Dec 18, 2017

Look, Squirrel! Part II

     The Republican blame-shifting game continues. Representative Jackie Walorski (R-Ind.), a member of the Social Security Subcommittee has written a piece for The Hill picking up on the theme the Chairman of her Subcommittee raised earlier that somehow Social Security's hearing backlog exists because we don't have an appointed Commissioner. Walorski adds this new theme:
It’s clear money alone won’t fix the problem. An analyst from the non-partisan Government Accountability Office (GAO) who recently testified at a congressional hearing agrees: “Is SSA using the resources that they currently have as efficiently and as effectively as they can? We found several instances where we don’t believe they are.” Indeed, there are ways to speed up the decision process that are well within the SSA’s authority. For instance, it’s been decades since the SSA updated many of its processes, policies, and tools for evaluating eligibility.
     Of course, it's clear to everyone who has actually looked at the problem that money will certainly fix this problem. In fact, it's the only possible solution. 
     The GAO saying it has found evidence that Social Security is not being as efficient as it can be is meaningless. First, even in the best run agency there's always going to be something to criticize.

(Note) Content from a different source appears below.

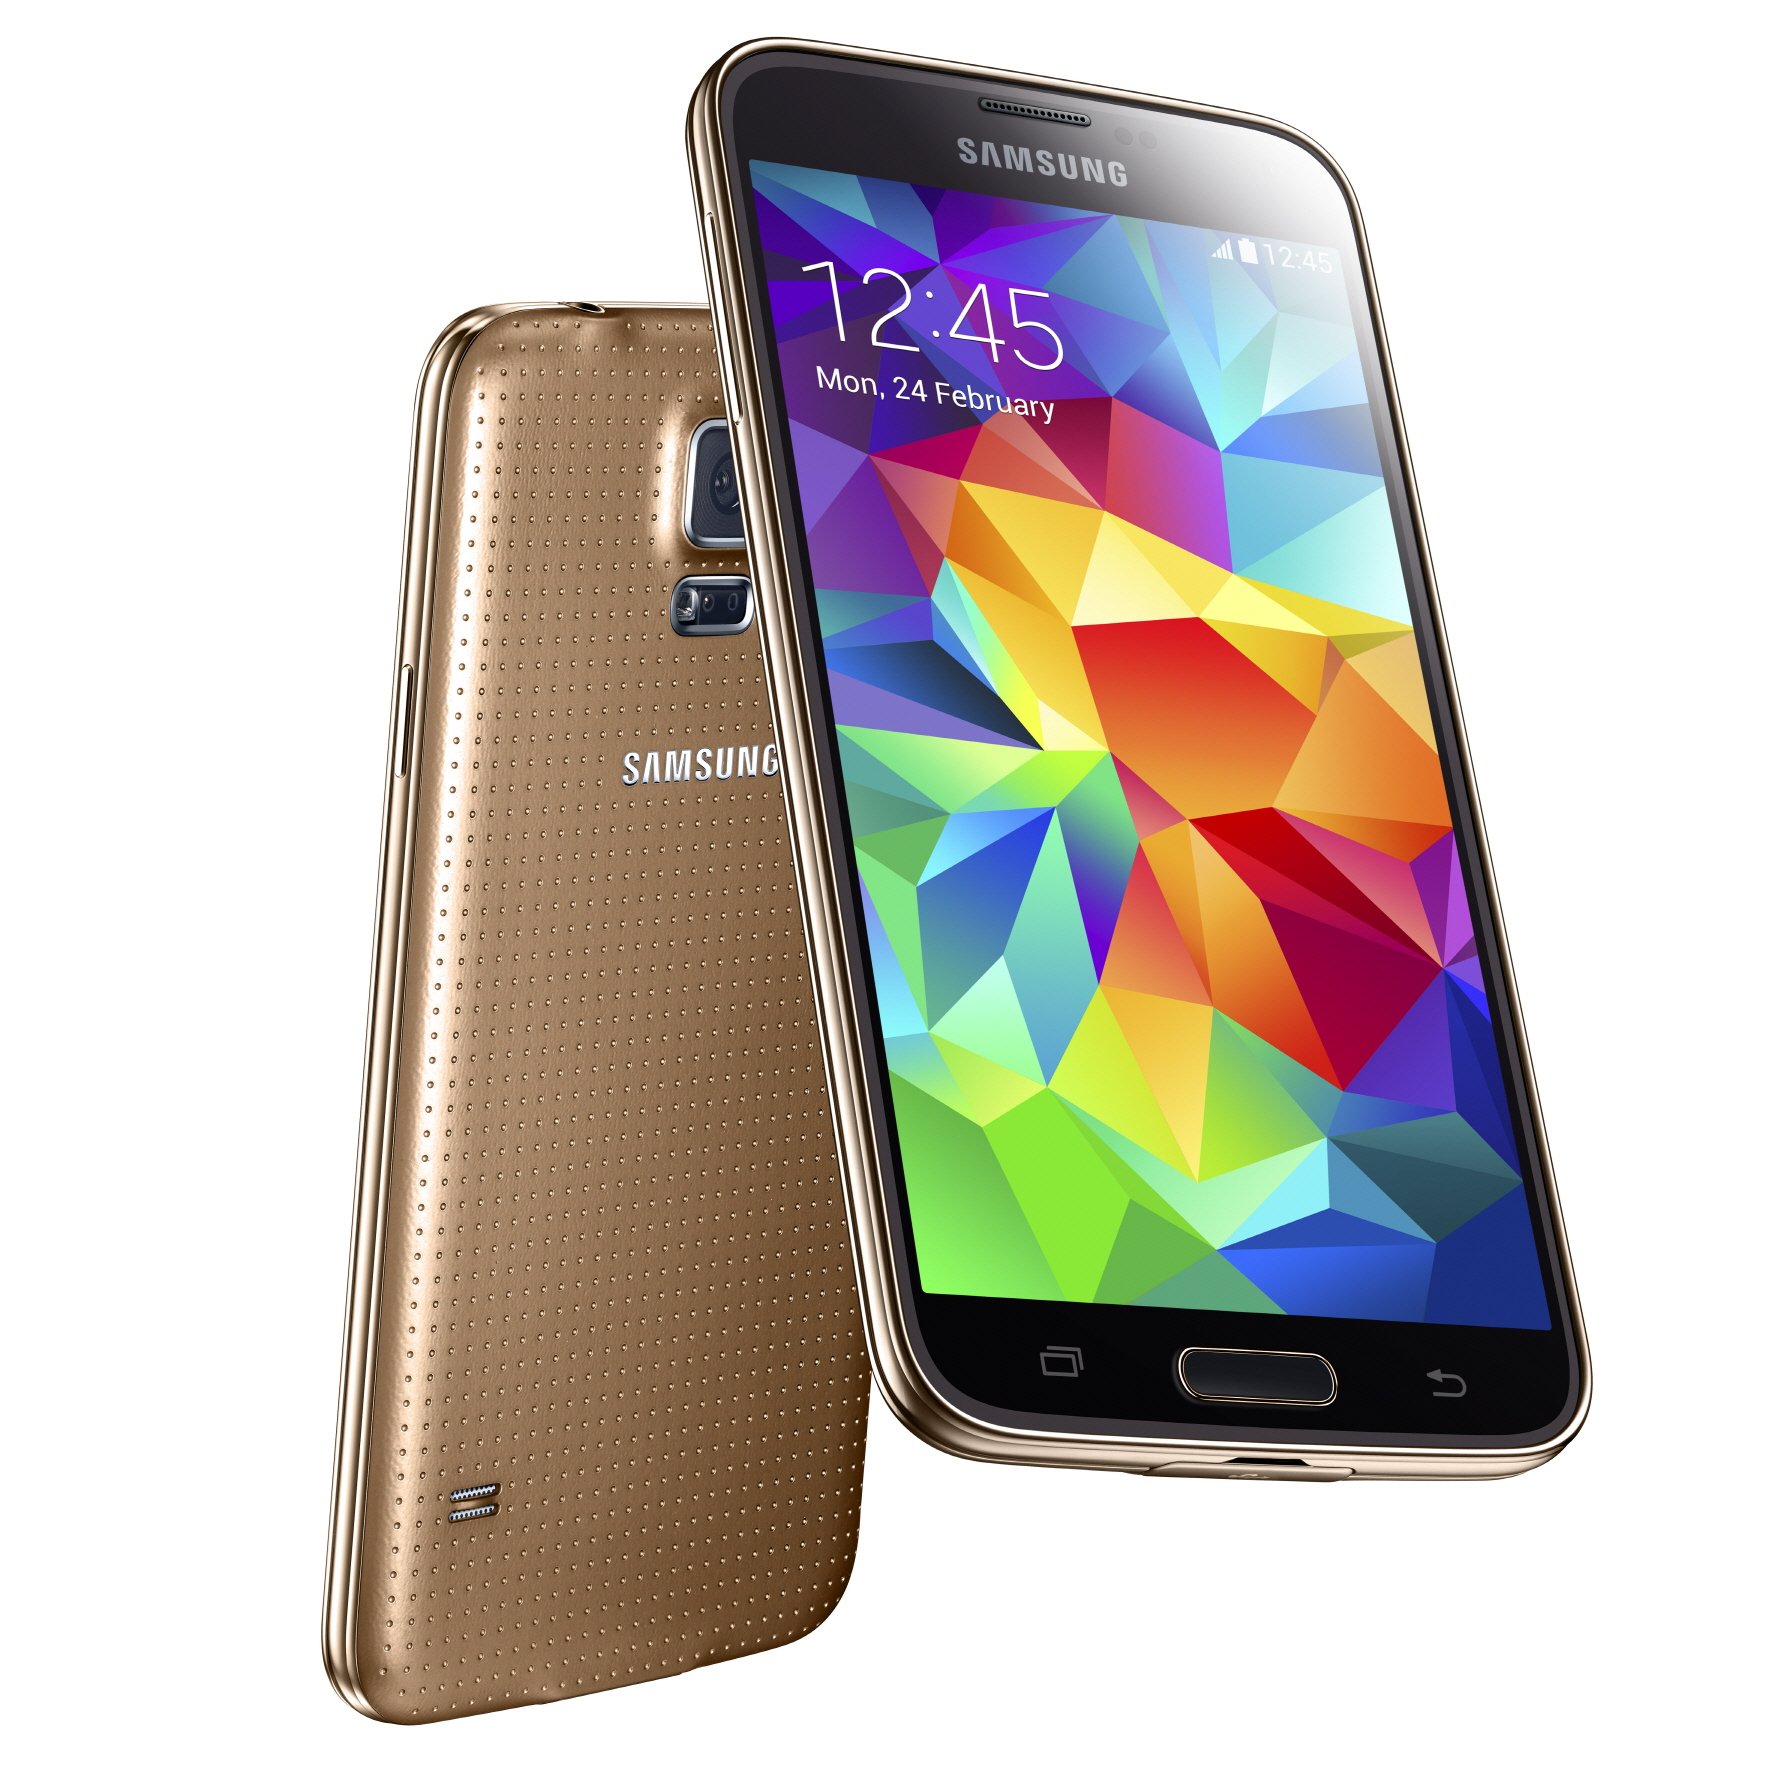 prijs Maori Van God Samsung Galaxy S5 Plus specs, review, release date - PhonesData

A lack of divine perfection isn't a sign that there's waste that has a meaningful effect upon an agency's performance. Second, GAO always finds something to criticize. Always. It's what they do. When it comes to Social Security, GAO's criticisms start at the debatable, go on to the meaninglessly vague and end up at the absurd but almost never amount to anything significant. The best evidence I see that Social Security is a well run agency is how paltry GAO's criticisms are.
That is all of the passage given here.